Segment Start: Source material

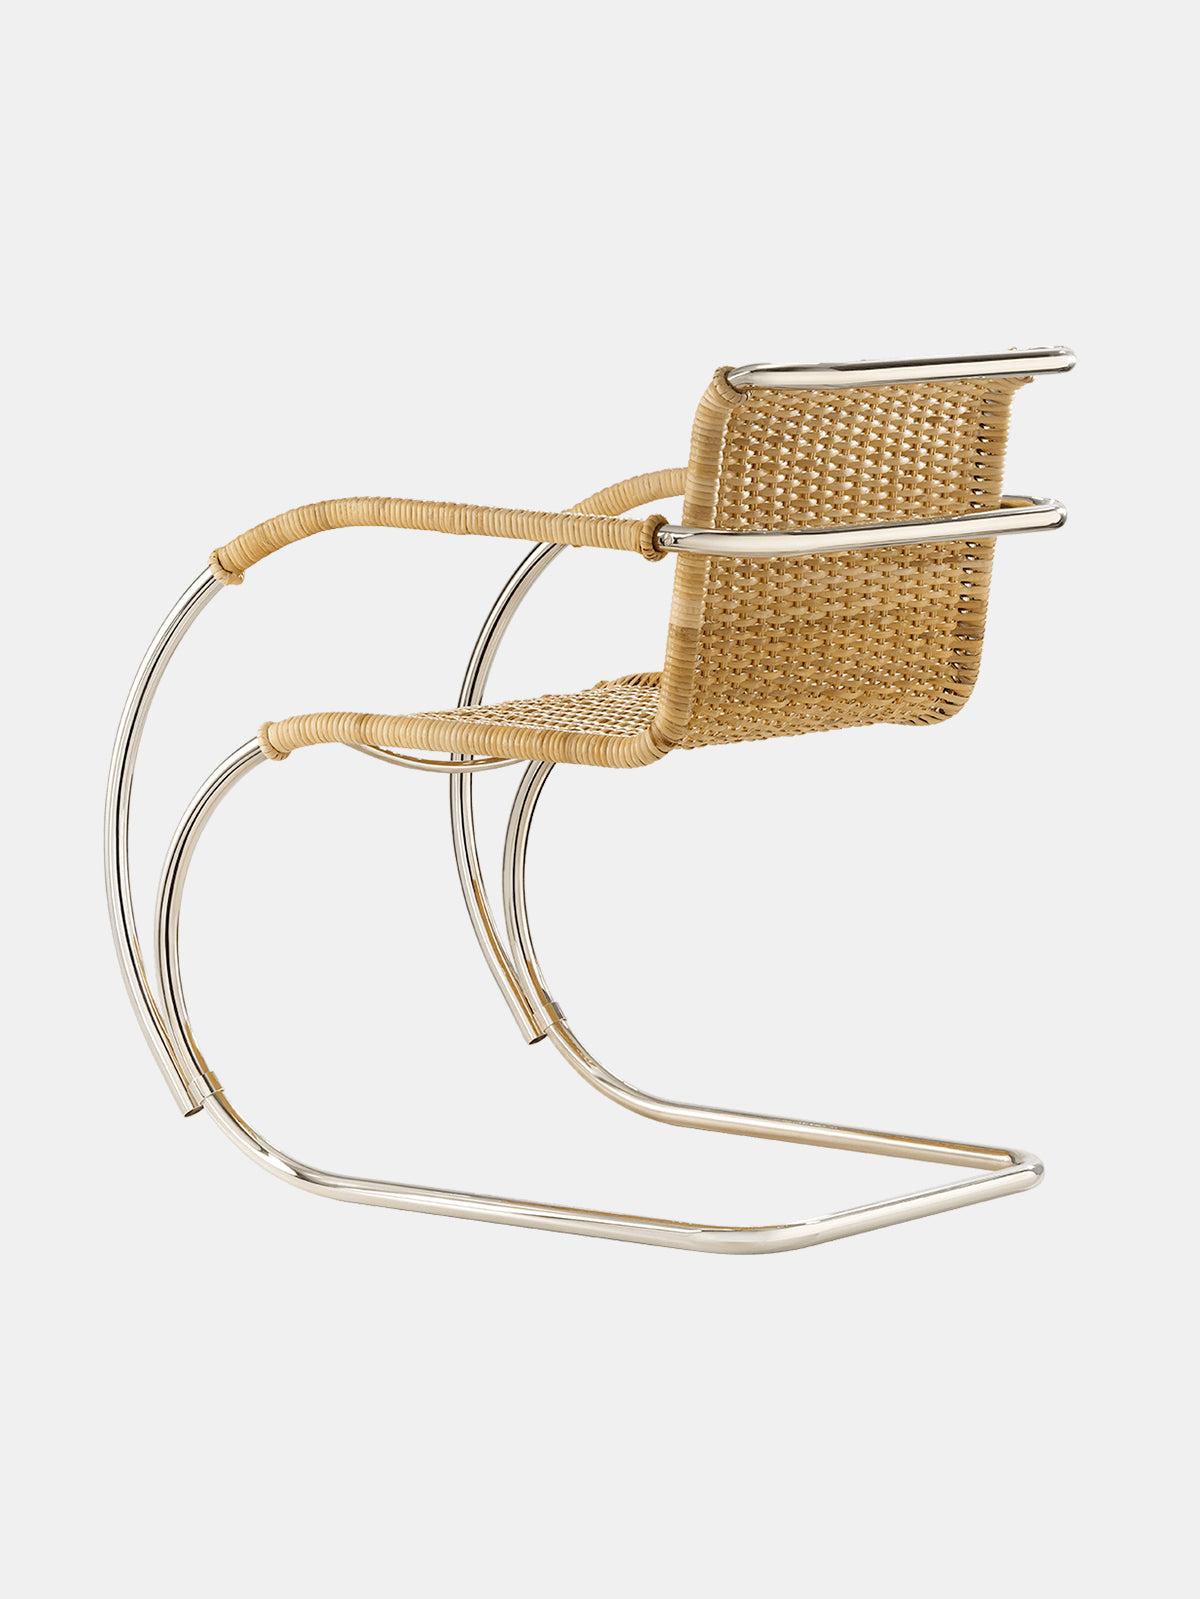 D42 Cantilever Chair With Armrests designed by  Mies Van der Rohe
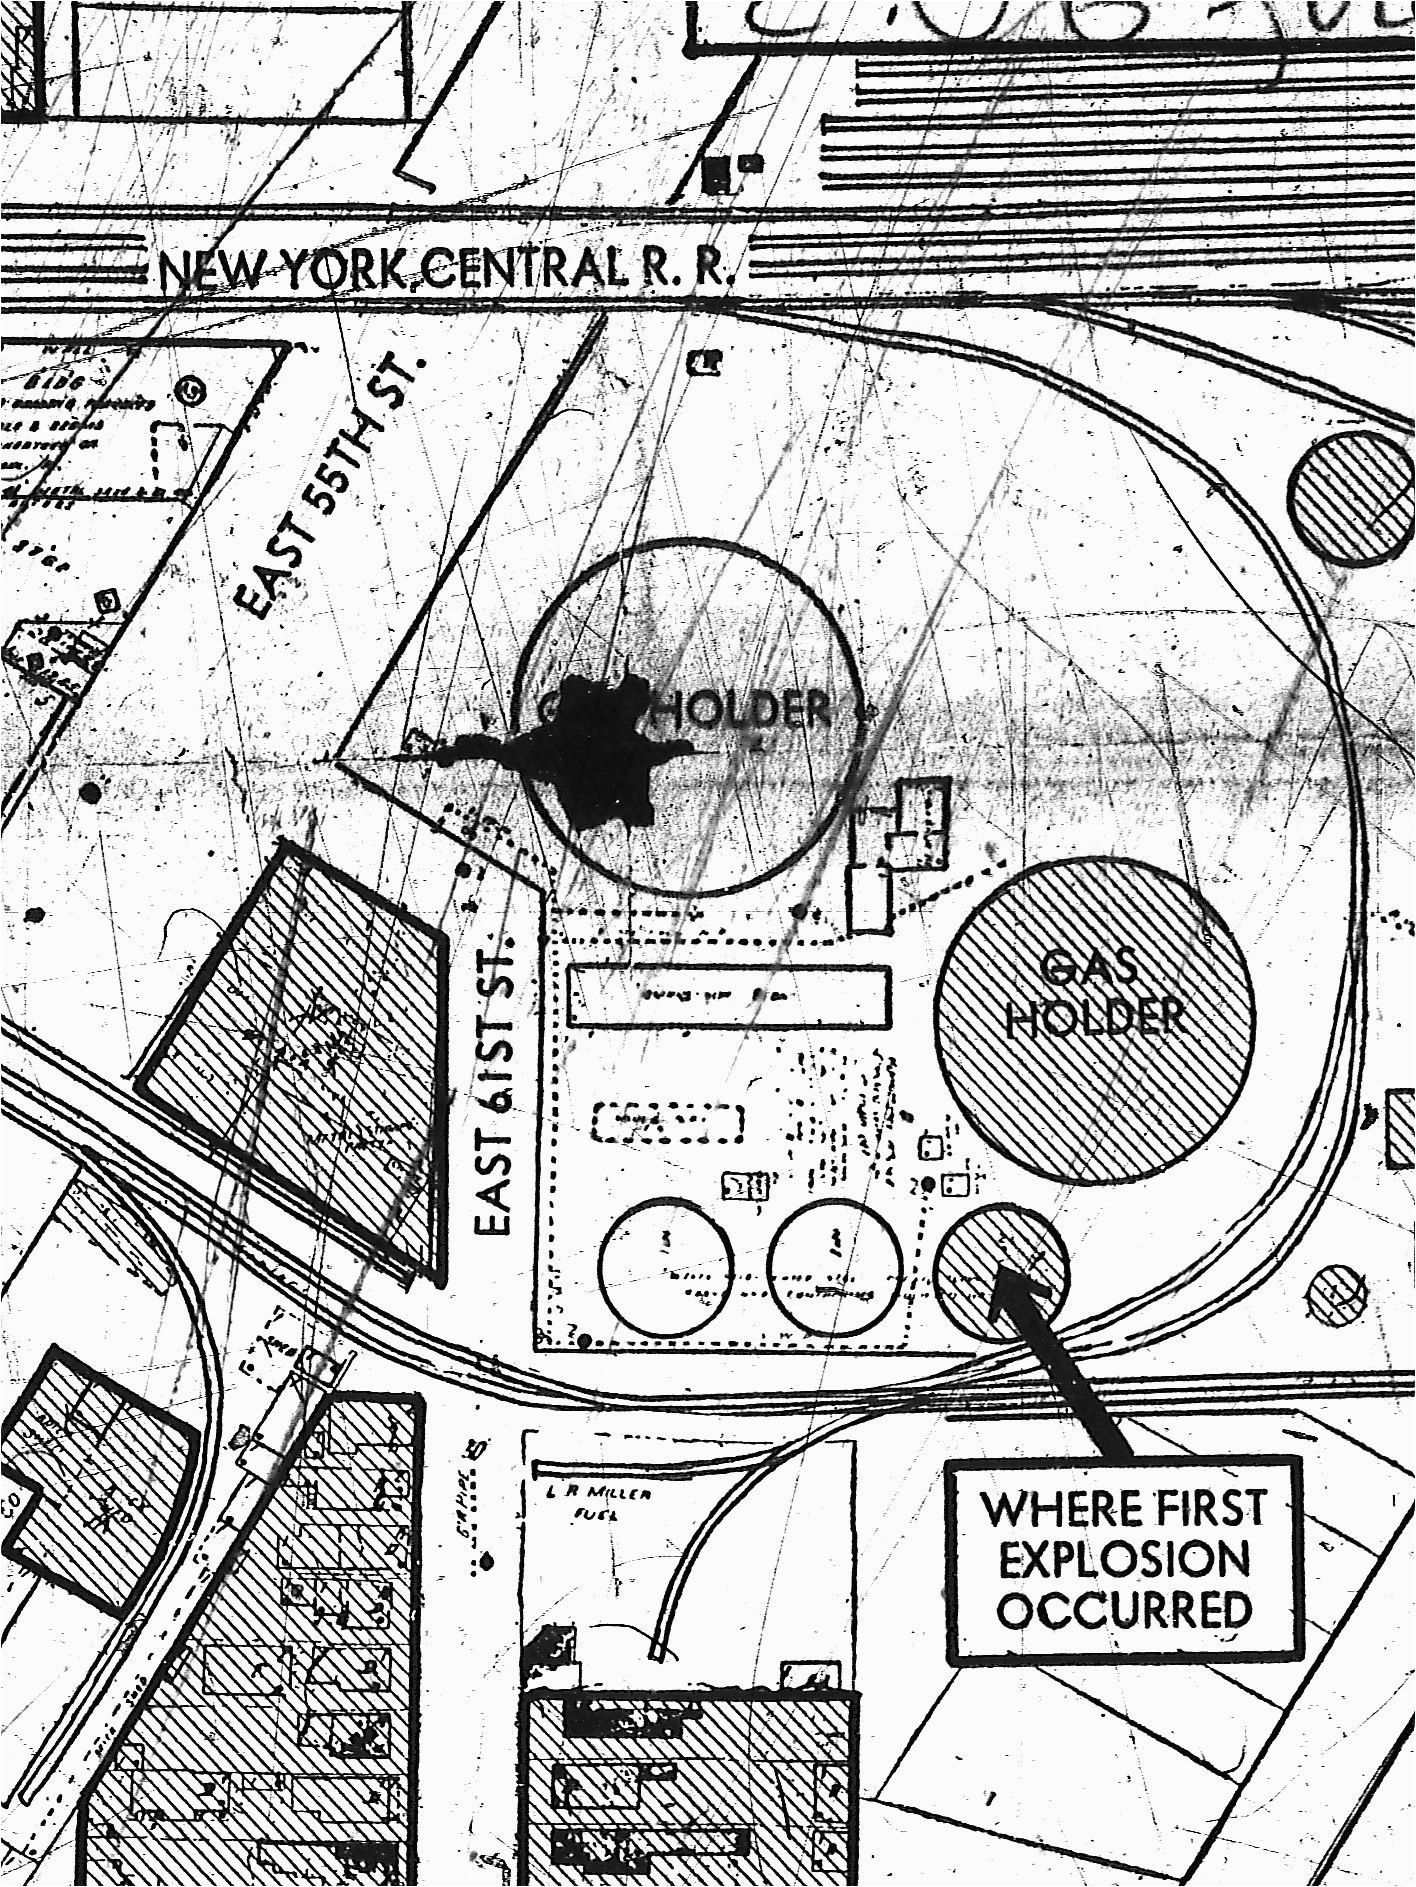 1944 cleveland east ohio gas explosion map my home town circa
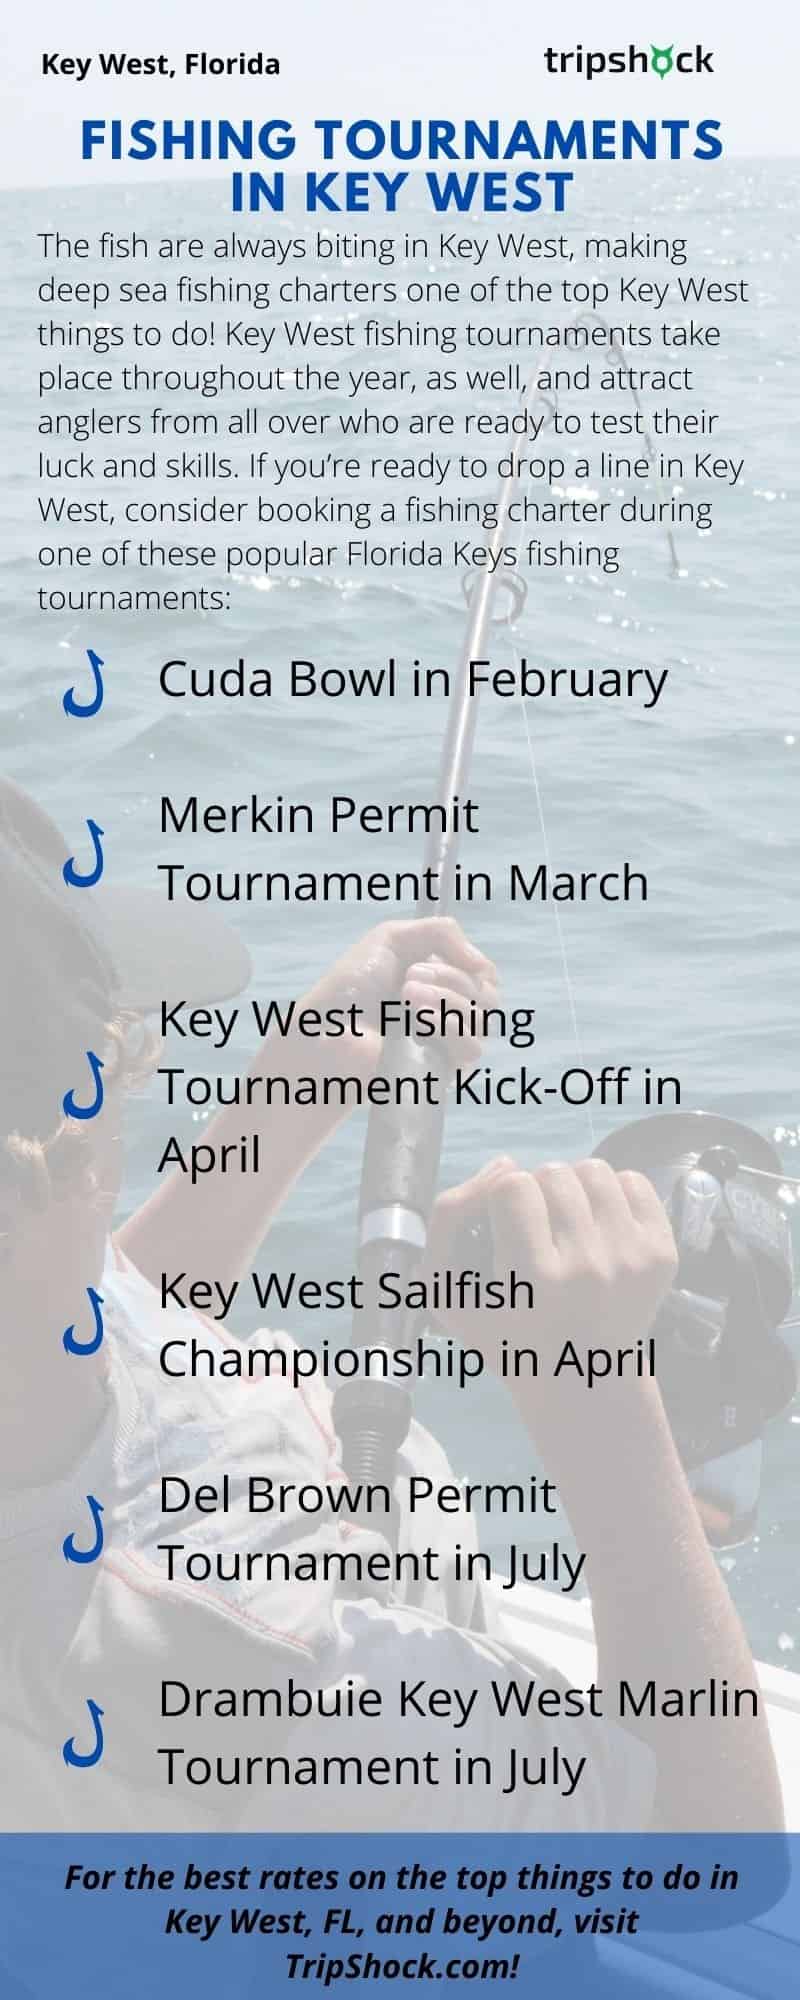 Popular Fishing Tournaments in Key West

Segment End: Source material

• _What is needed_:
Reproduce the data verbatim. Do not carry any picture into the copy.

• _Response box_:
 D42 Cantilever Chair With Armrests designed by  Mies Van der Rohe
 1944 cleveland east ohio gas explosion map my home town circa
 Popular Fishing Tournaments in Key West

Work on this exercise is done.